Sent out today and already merged for the in-development Linux 6.18 kernel is the latest batch of 64-bit ARM “ARM64” architecture fixes. Most notable is a fix for addressing a “catastrophic performance issue” that was uncovered.
Catching my attention with today’s ARM64 pull request was this paragraph:
“The other interesting fix is addressing a catastophic performance issue with our per-cpu atomics discovered by Paul in the SRCU locking code but which took some interactions with the hardware folks to resolve.”
Catastrophic performance issue? When digging through the patch and mailing list discussion, it started off in this thread by Linux developer Paul McKenney:
“To make event tracing safe for PREEMPT_RT kernels, I have been creating optimized variants of SRCU readers that use per-CPU atomics.
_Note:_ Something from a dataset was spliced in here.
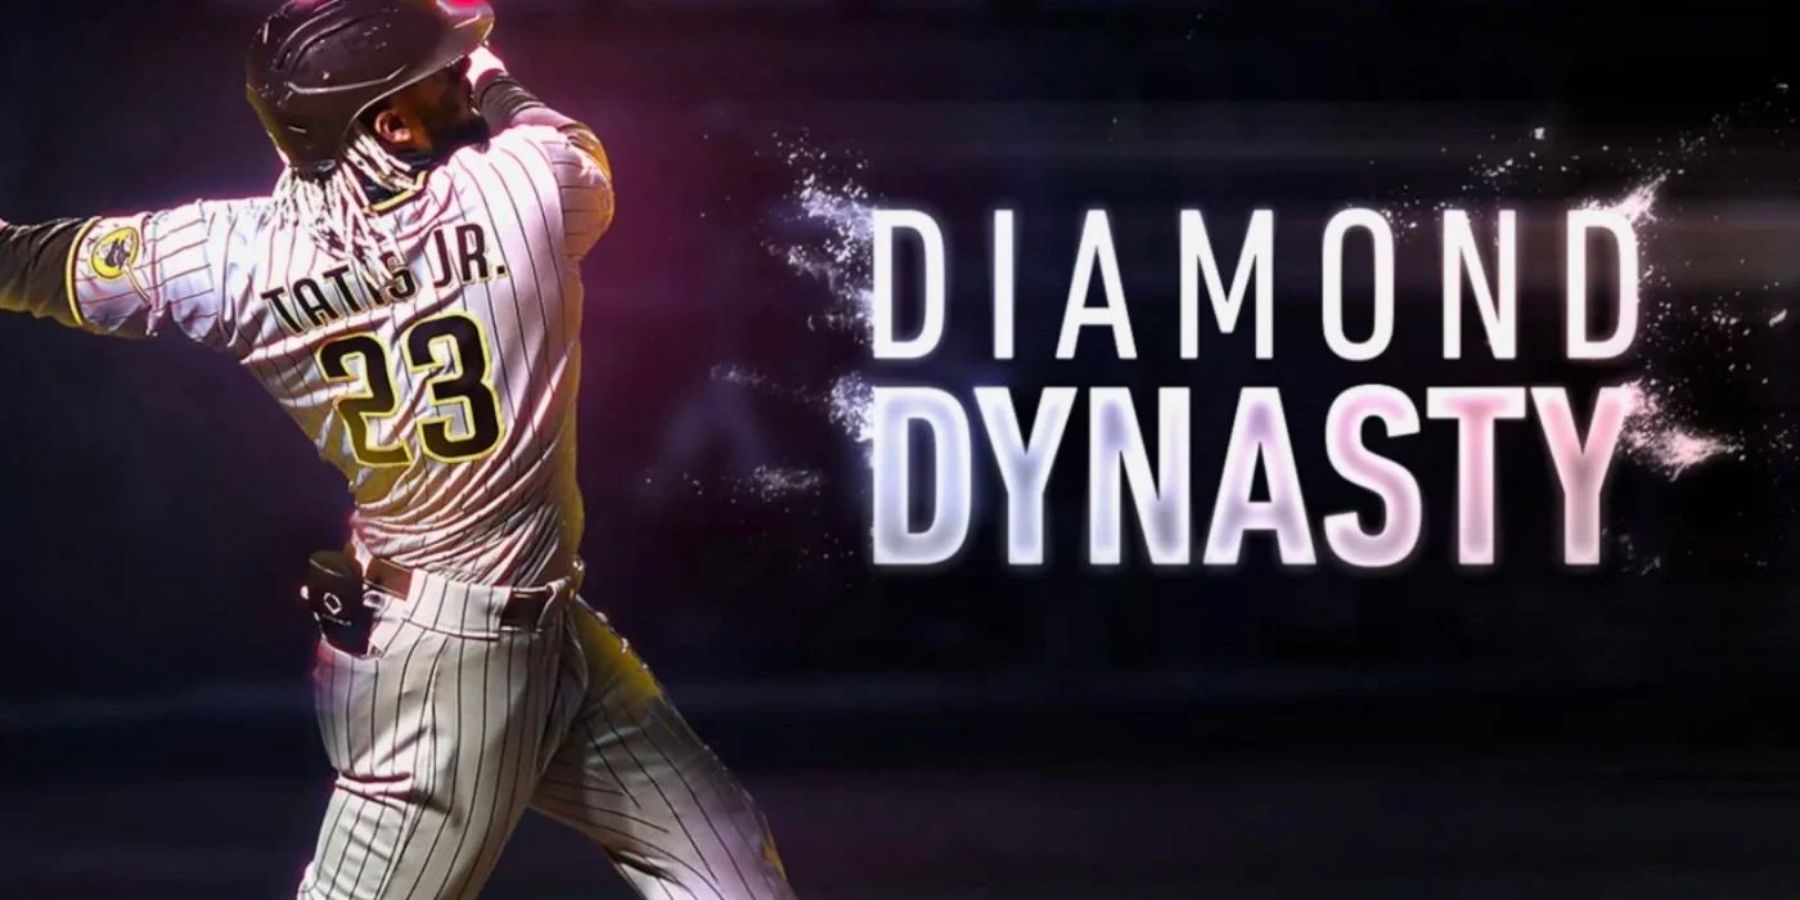 MLB The Show 22: Best Diamond Dynasty Card At Each Position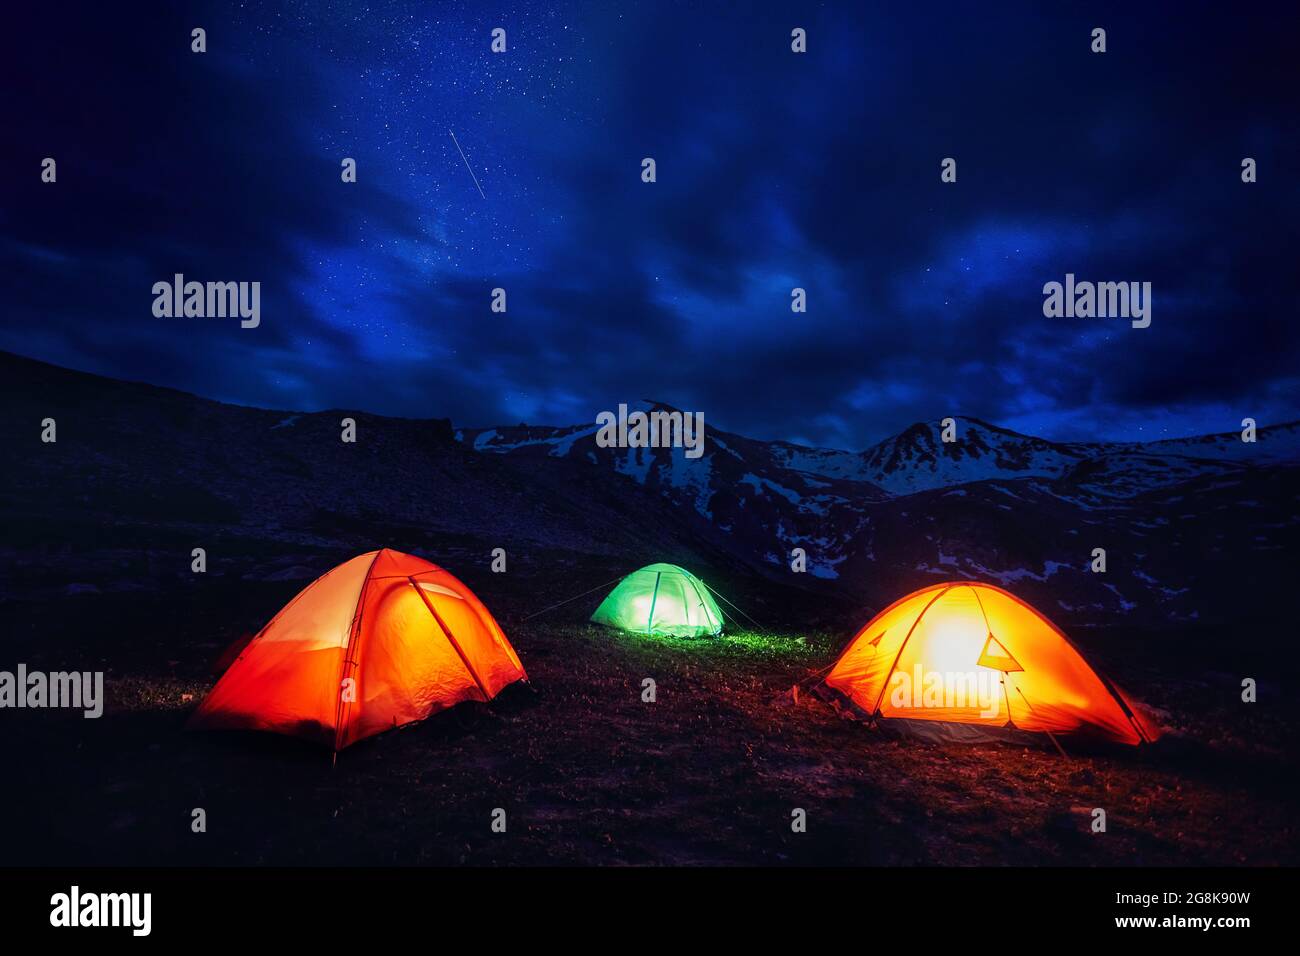 Giallo arancio e verde tenda da campeggio nella gola di montagna sotto il cielo notturno con stelle Foto Stock

This works quite well, but on ARM Neoverse V2, I am seeing about 100ns for a srcu_read_lock()/srcu_read_unlock() pair, or about 50ns for a single per-CPU atomic operation. This contrasts with a handful of nanoseconds on x86 and similar on ARM for a atomic_set(&foo, atomic_read(&foo) + 1).”
It turns out per-CPU atomics on ARM64 were extremely expensive. From the ensuing discussion it turned out that if disabling the Linux kernel support for the Large System Extensions (LSE) atomic instructions introduced in ARMv8.1, the performance wasn’t quite so bad.
Linux developer Willy Tarreau also chimed in around finding costly atomics use on ARM 64-bit hardware too:
“This is super interesting! I’ve blindly applied a similar change to all of our atomics in haproxy and am seeing a consistent 2-7% perf increase depending on the tests on a 80-core Ampere Altra (neoverse-n1). There as well we’re significantly using atomics to read/update mostly local variables as we avoid sharing as much as possible. I’m pretty sure it does hurt in certain cases, and we don’t have this distinction of per_cpu variants like here, however that makes me think about adding a “mostly local” variant that we can choose from depending on the context.”
Long story short to the solution, to address the high latency, this patch is now merged for ARM64 to use the load LSE atomics for the non-return per-CPU atomic operations:
“The non-return per-CPU this_cpu_*() atomic operations are implemented as STADD/STCLR/STSET when FEAT_LSE is available. On many microarchitecture implementations, these instructions tend to be executed “far” in the interconnect or memory subsystem (unless the data is already in the L1 cache). This is in general more efficient when there is contention as it avoids bouncing cache lines between CPUs. The load atomics (e.g. LDADD without XZR as destination), OTOH, tend to be executed “near” with the data loaded into the L1 cache.
STADD executed back to back as in srcu_read_{lock,unlock}*() incur an additional overhead due to the default posting behaviour on several CPU implementations. Since the per-CPU atomics are unlikely to be used concurrently on the same memory location, encourage the hardware to to execute them “near” by issuing load atomics – LDADD/LDCLR/LDSET – with the destination register unused (but not XZR).”
With that, the higher latency originally reported are much more reasonable than before for this otherwise “catastophic performance issue”.
The ARM64 fixes were merged today ahead of the Linux 6.18-rc6 kernel on Sunday and then Linux 6.18 stable around the end of November/